DIRECTIONS FOR THIS TASK:
Please reproduce all the data exactly as written and omit the pictures.

INFORMATION SHOWN Start Marker

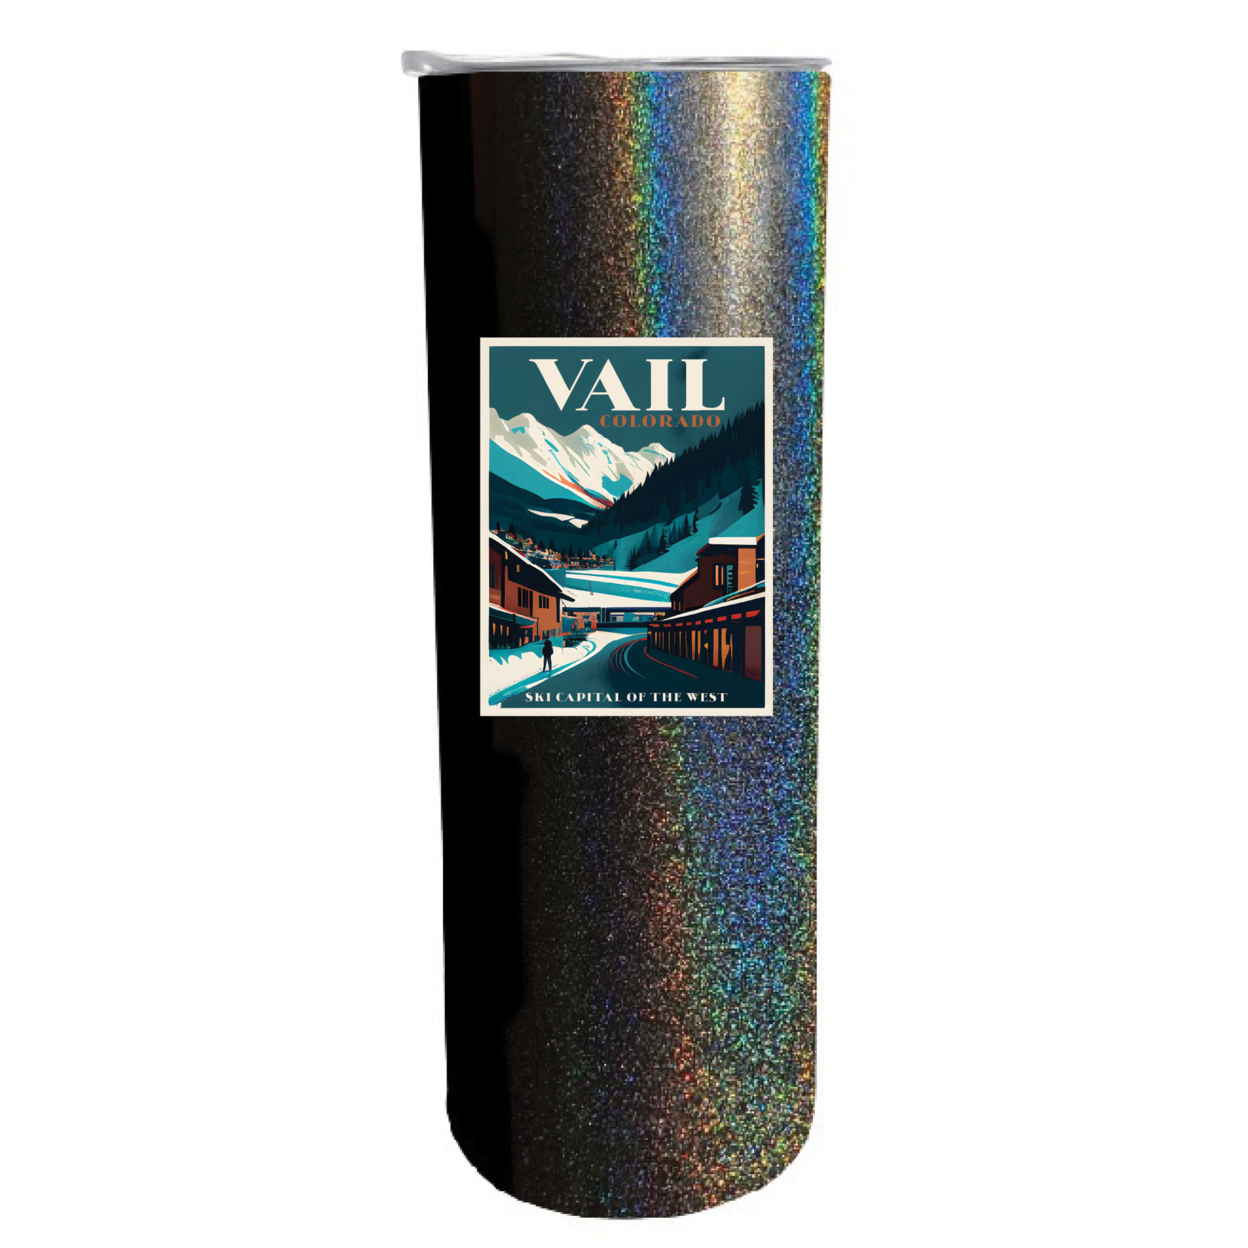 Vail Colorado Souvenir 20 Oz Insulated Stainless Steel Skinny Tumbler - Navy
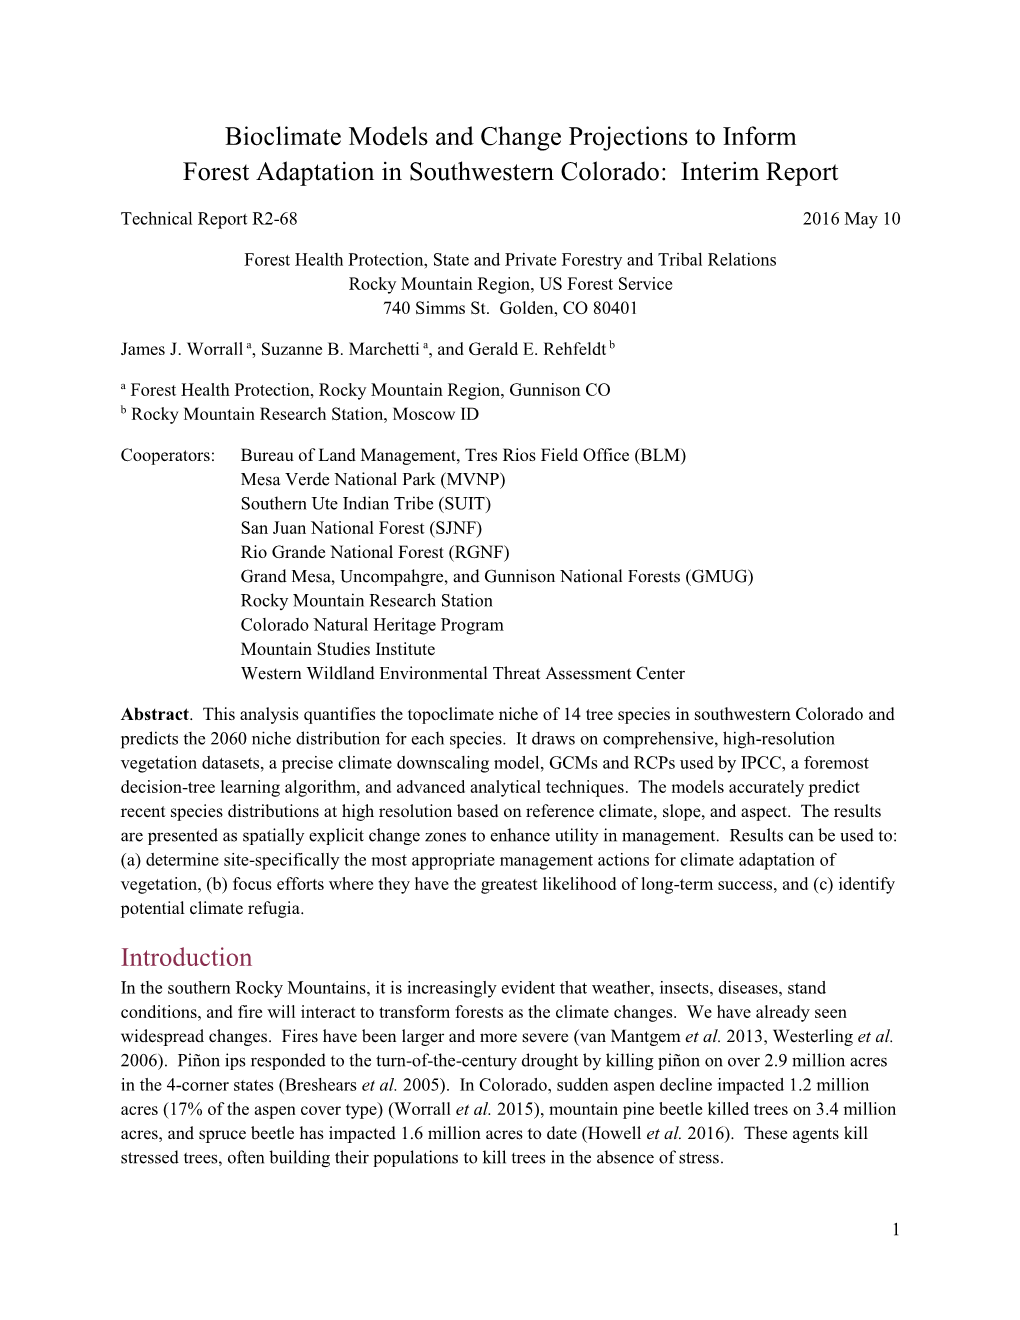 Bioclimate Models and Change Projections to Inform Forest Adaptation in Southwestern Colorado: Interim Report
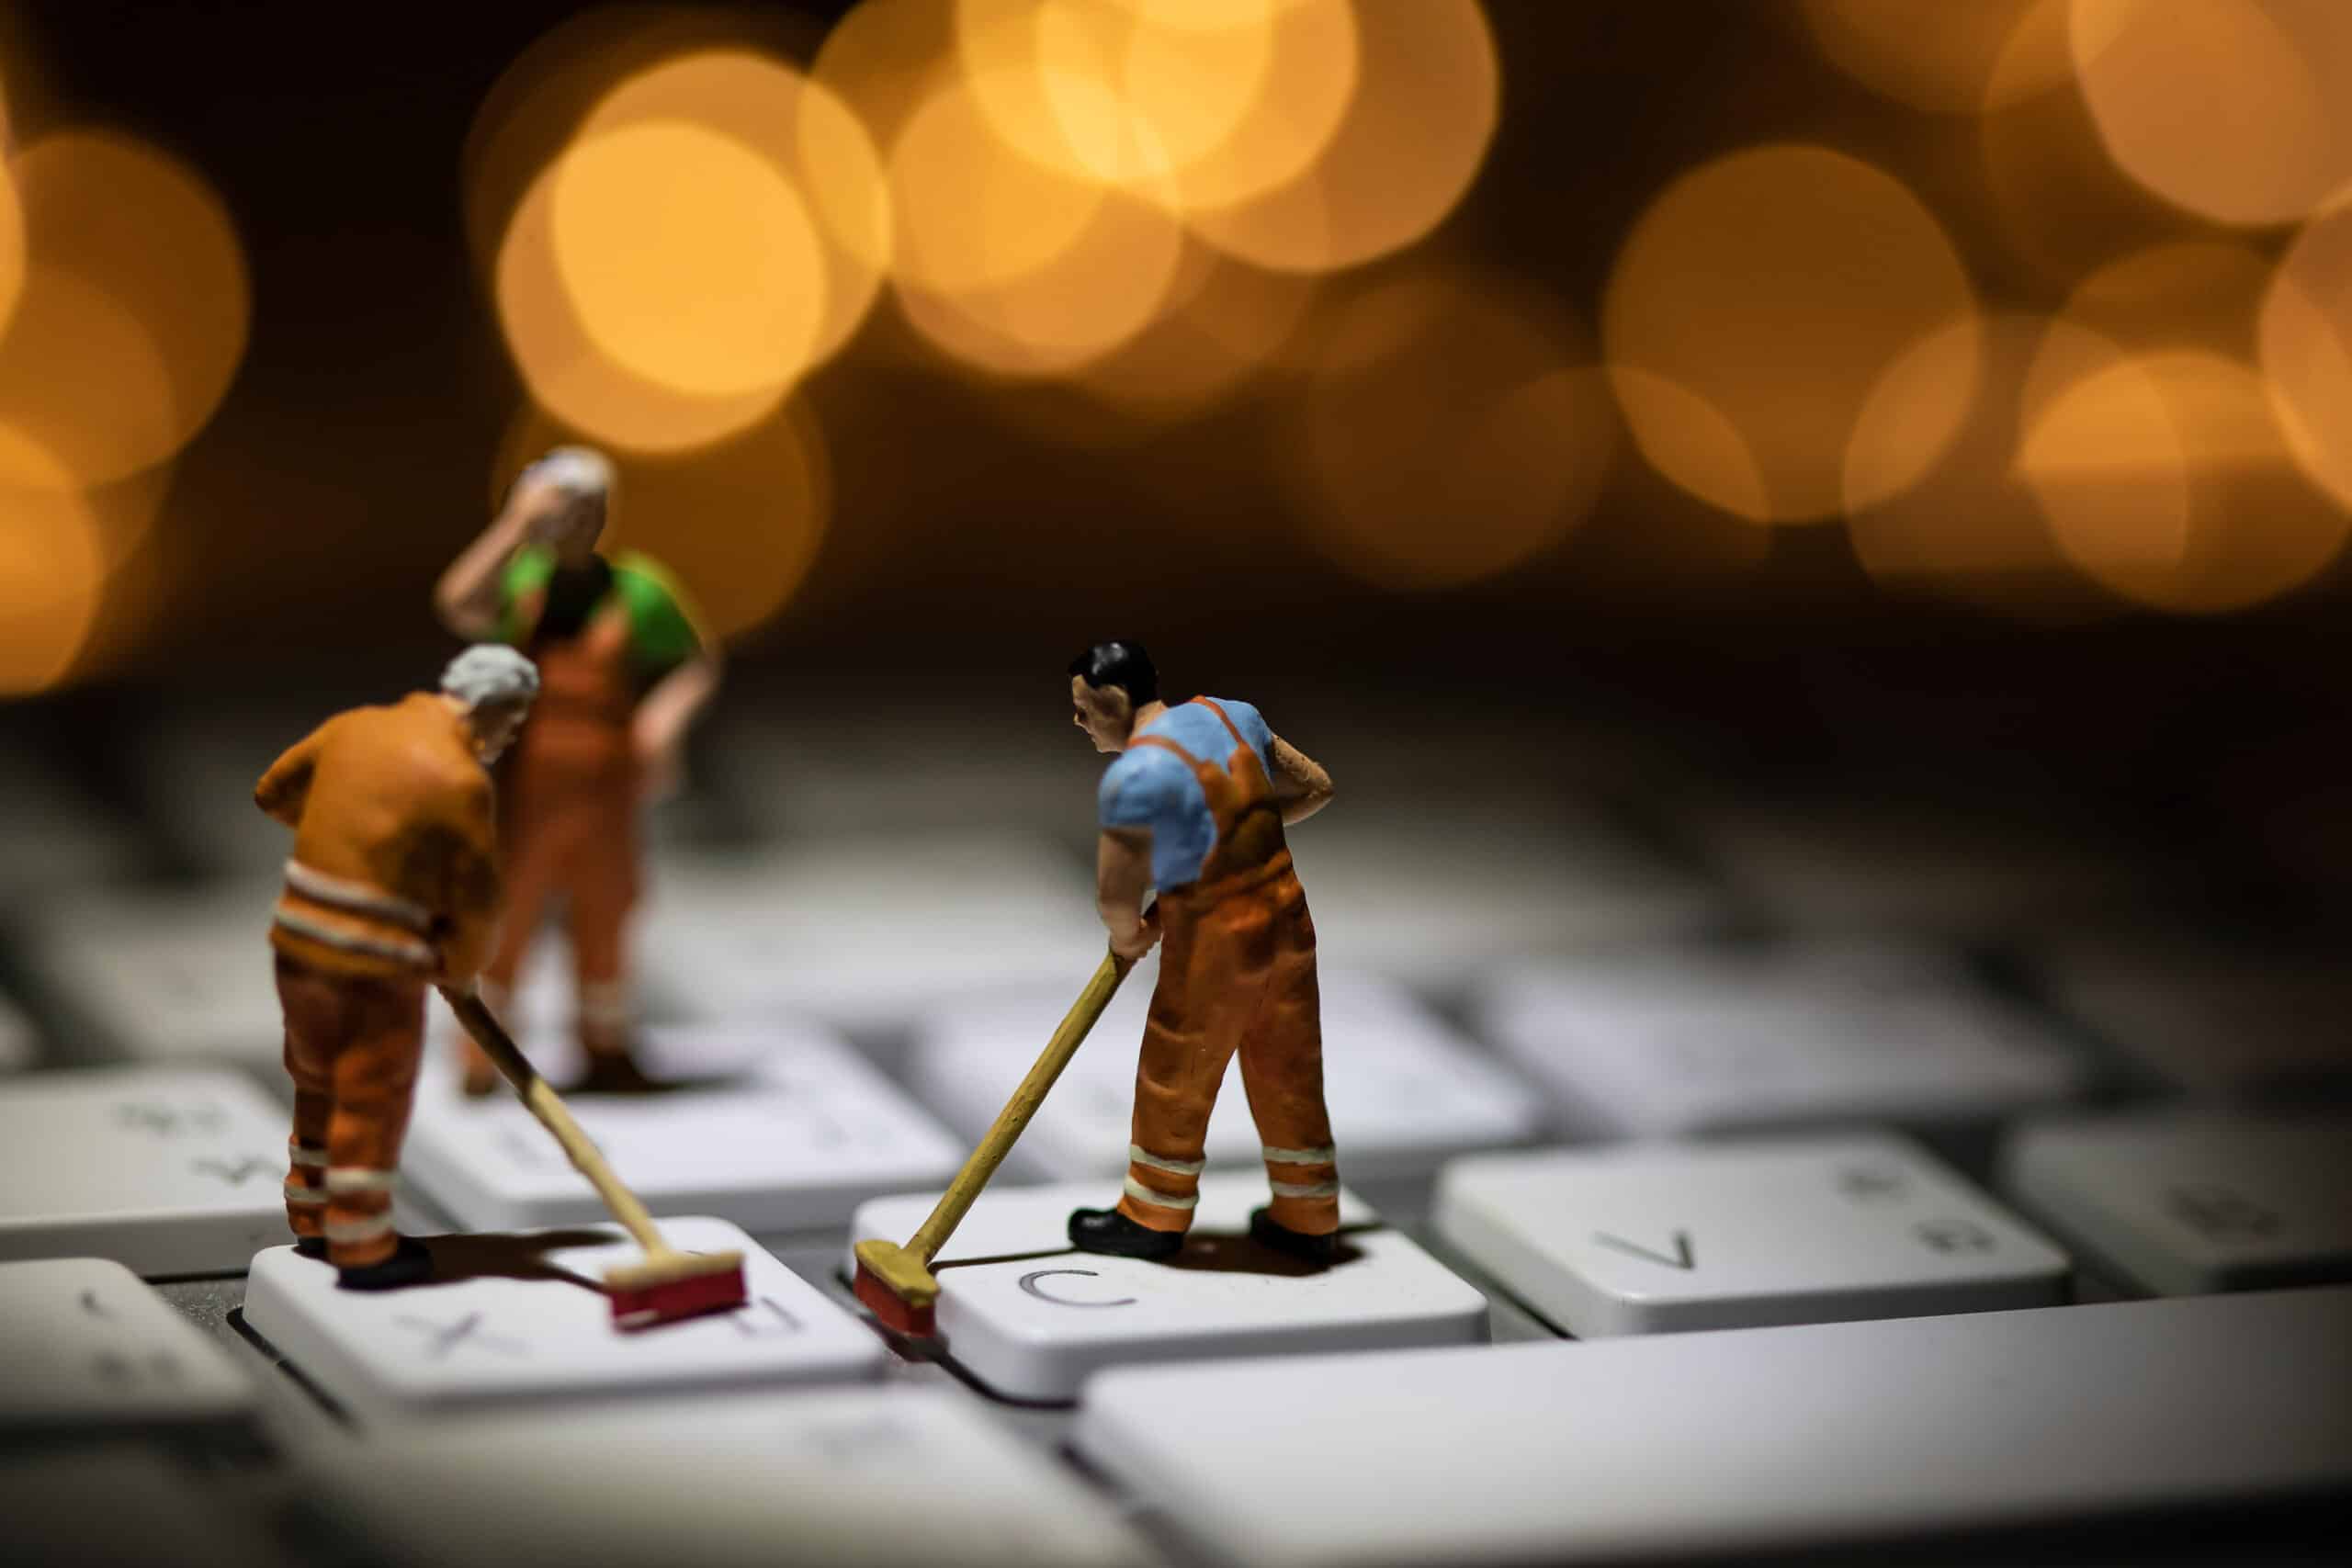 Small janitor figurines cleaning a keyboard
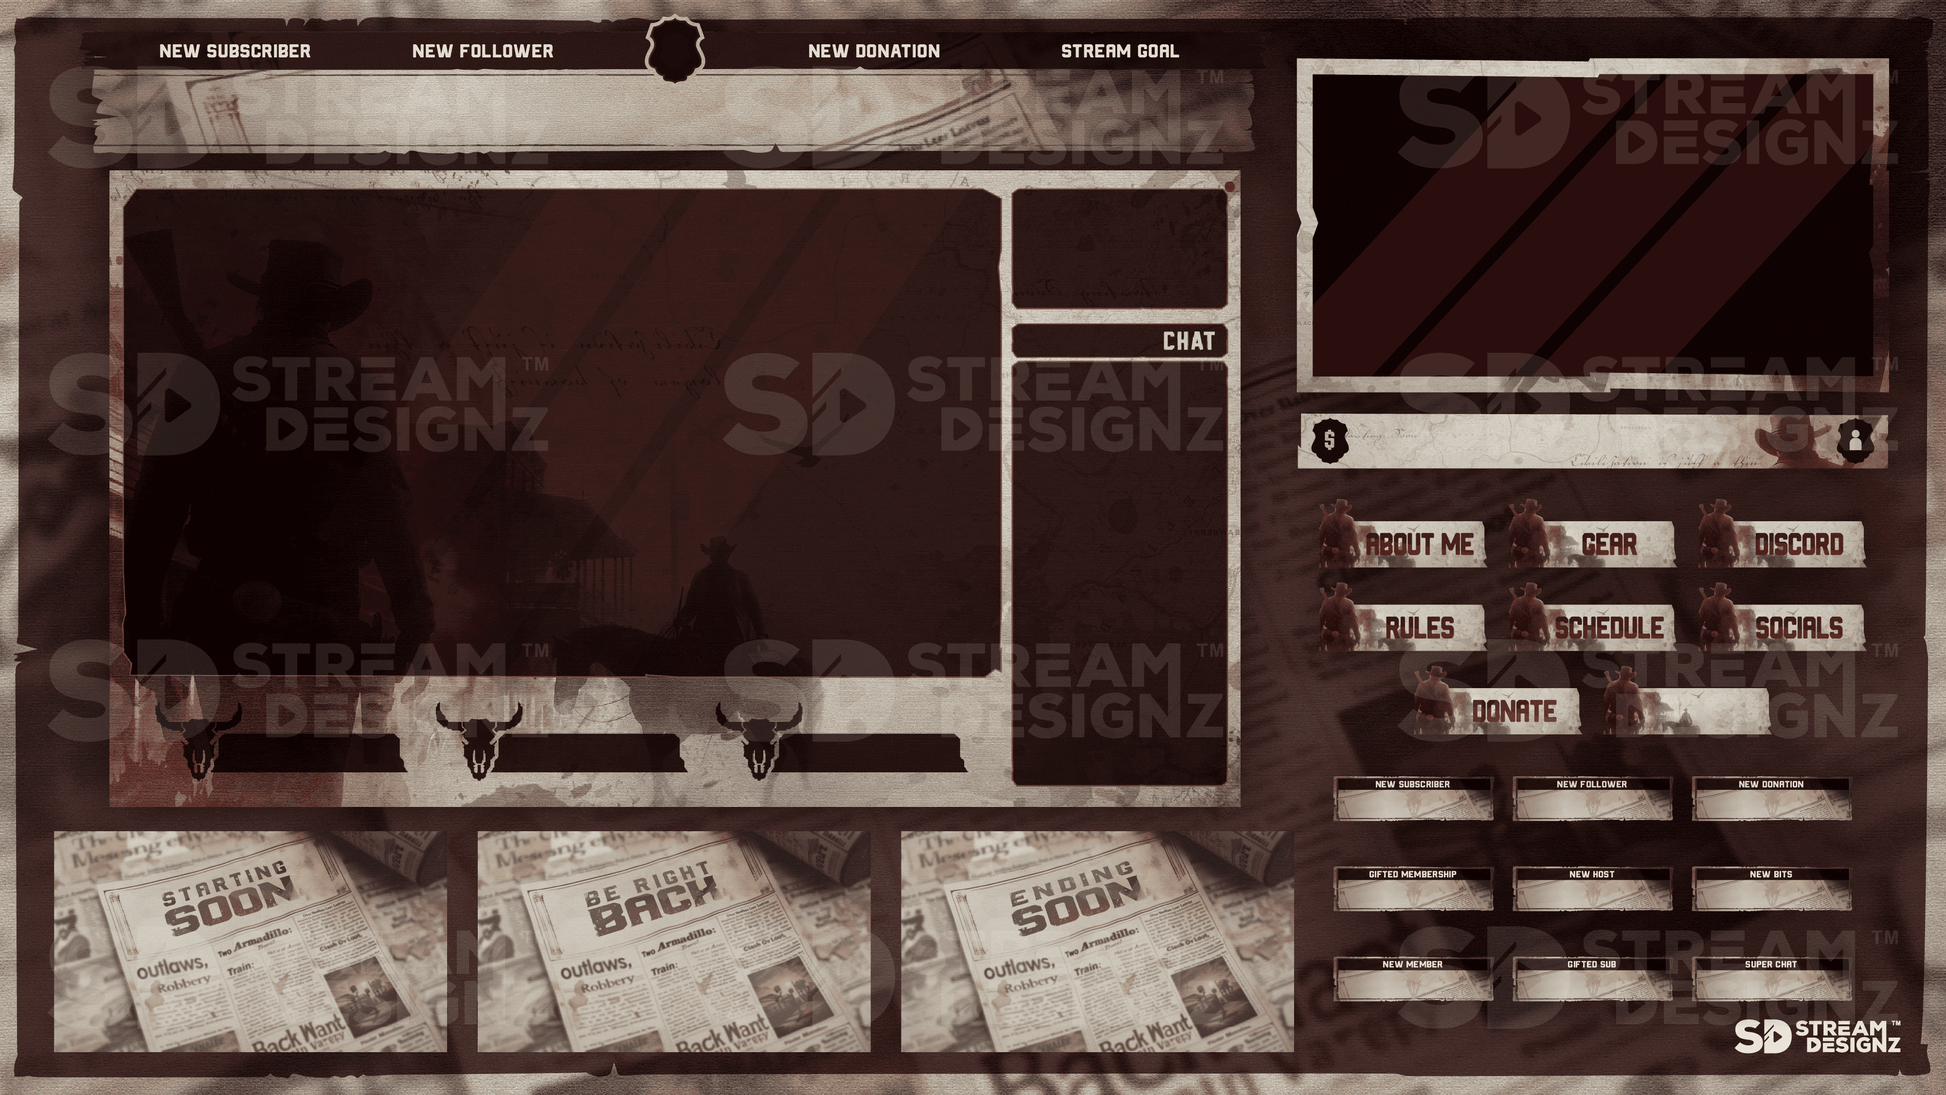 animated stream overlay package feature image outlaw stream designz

INFORMATION SHOWN End Marker

OUTPUT FOR THIS TASK:
 Vail Colorado Souvenir 20 Oz Insulated Stainless Steel Skinny Tumbler - Navy
 Bioclimate Models and Change Projections to Inform Forest Adaptation in Southwestern Colorado: Interim Report
 Small janitor figurines cleaning a keyboard
 animated stream overlay package feature image outlaw stream designz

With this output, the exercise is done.